**SUPPLIED DATA**.
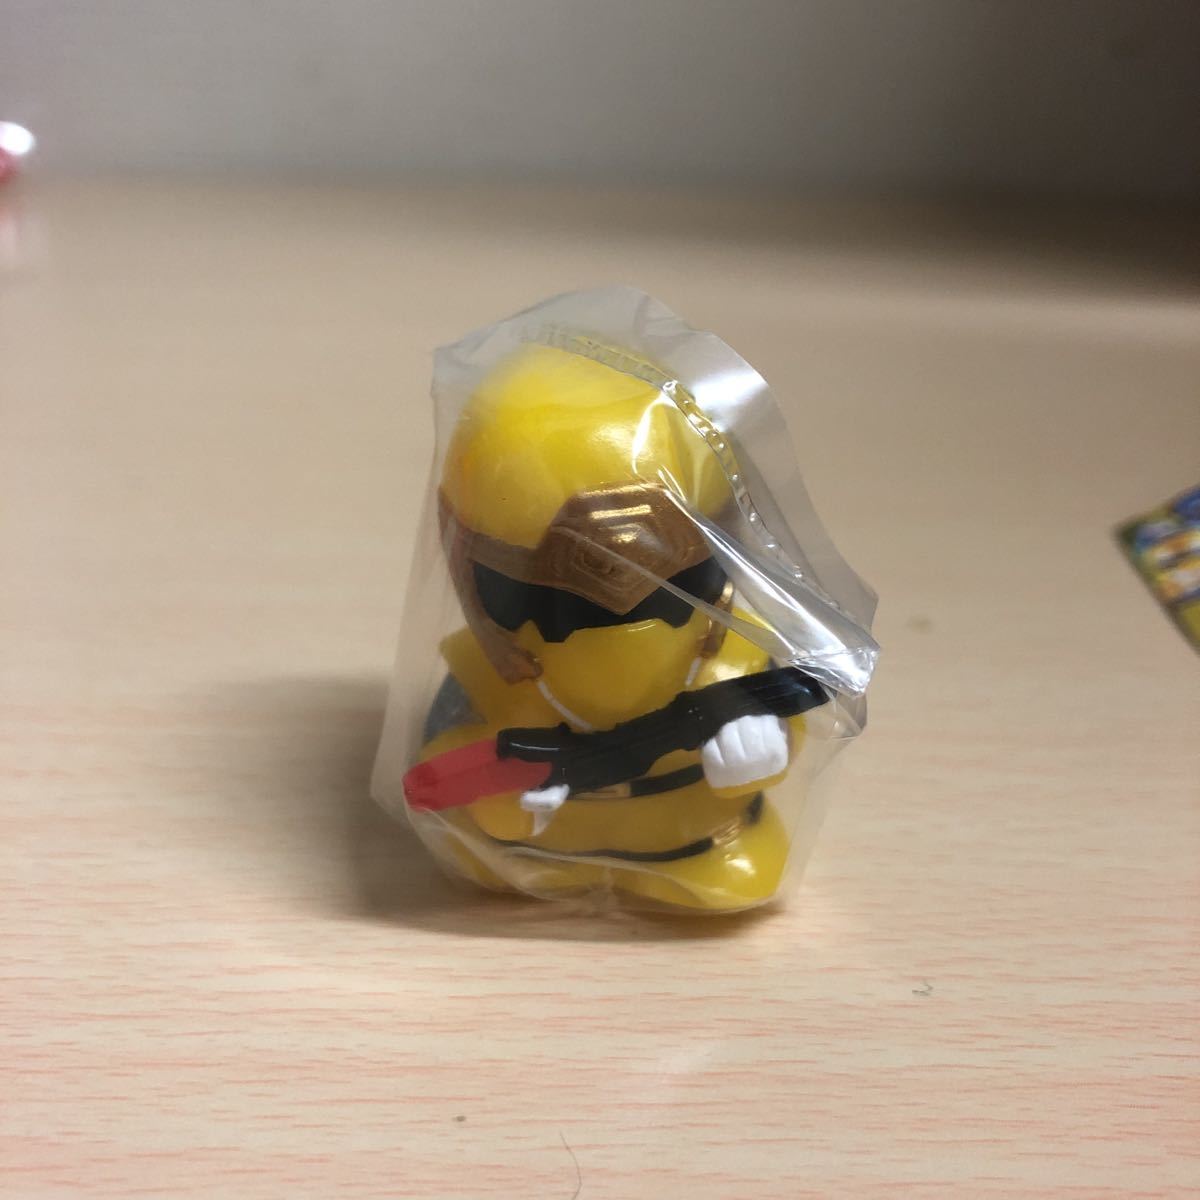  редкий Bandai Ninpu Sentai Hurricanger sofvi коллекция [ - li талон желтый ] не использовался 2002 год в это время товар 
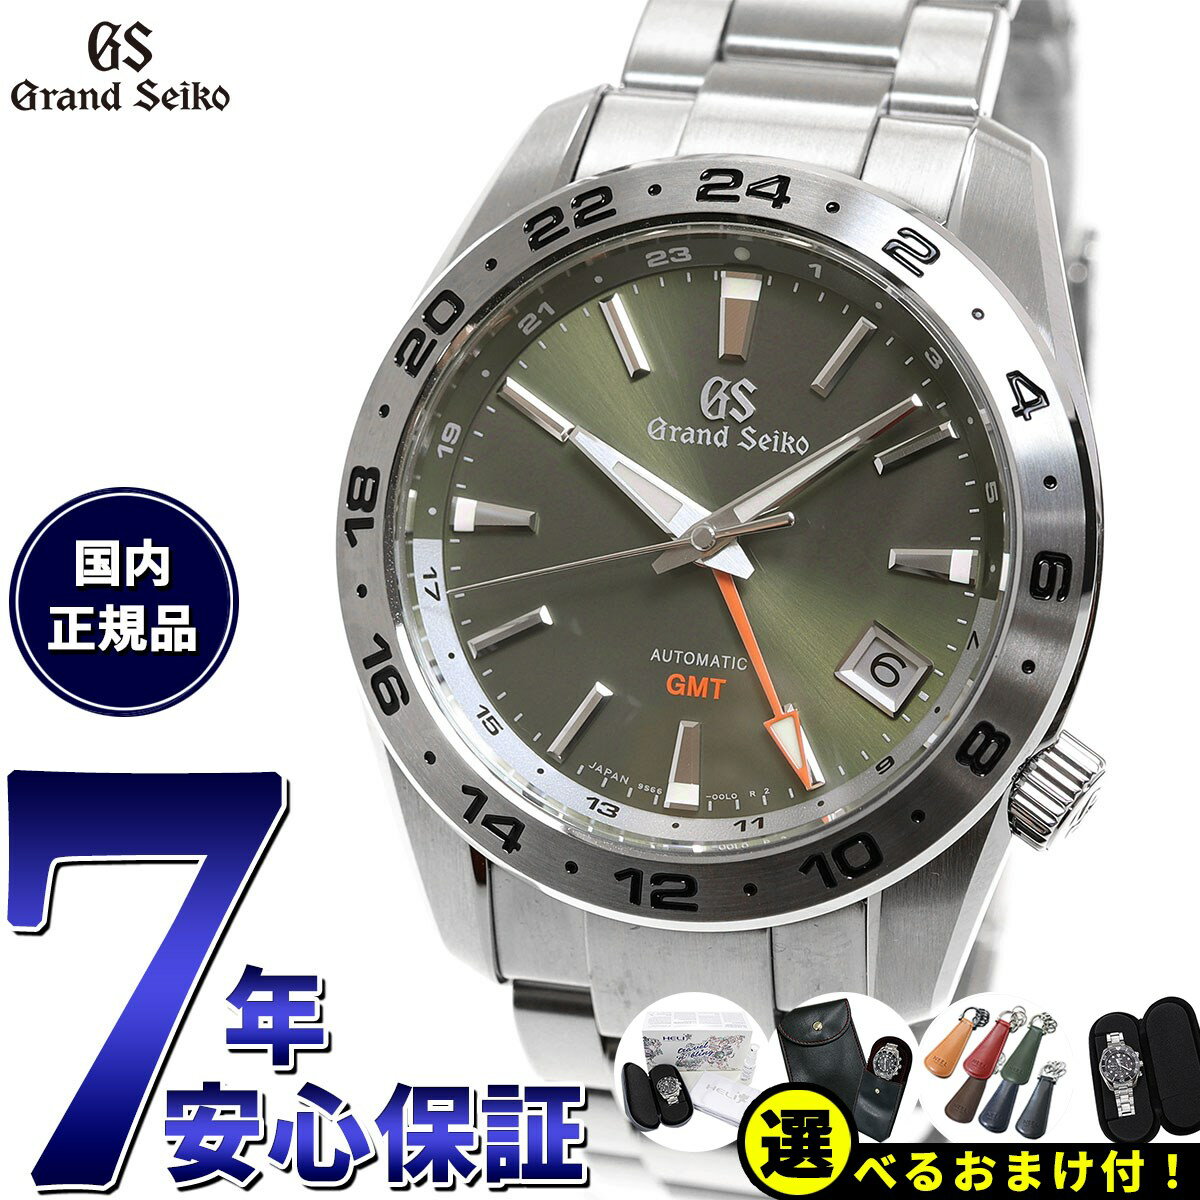 セイコー グランド セイコー 腕時計（メンズ） 【選べるノベルティー付き！】【36回分割手数料無料！】グランドセイコー 9S メカニカル GMT SBGM247 メンズ 腕時計 カーキ 9S66
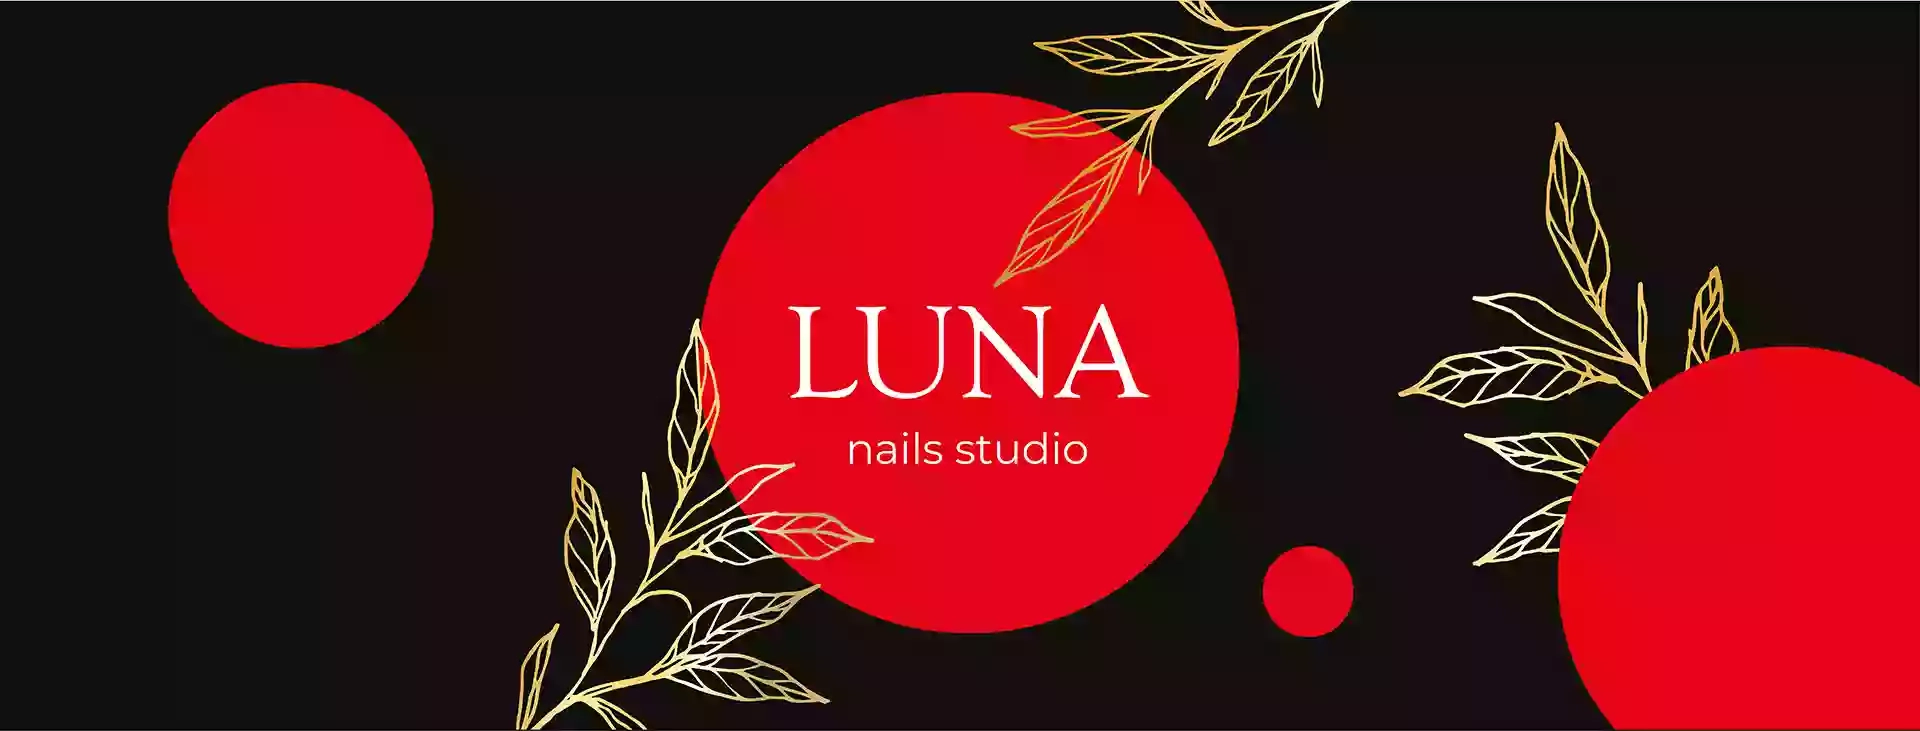 Luna nails studio

**YOUR TASK**. The expected output is the whole listing, word for word, minus its pictures.

**PROBLEM SOLUTION**.
  редкий Bandai Ninpu Sentai Hurricanger sofvi коллекция [ - li талон желтый ] не использовался 2002 год в это время товар 
 セイコー グランド セイコー 腕時計（メンズ） 【選べるノベルティー付き！】【36回分割手数料無料！】グランドセイコー 9S メカニカル GMT SBGM247 メンズ 腕時計 カーキ 9S66
 Luna nails studio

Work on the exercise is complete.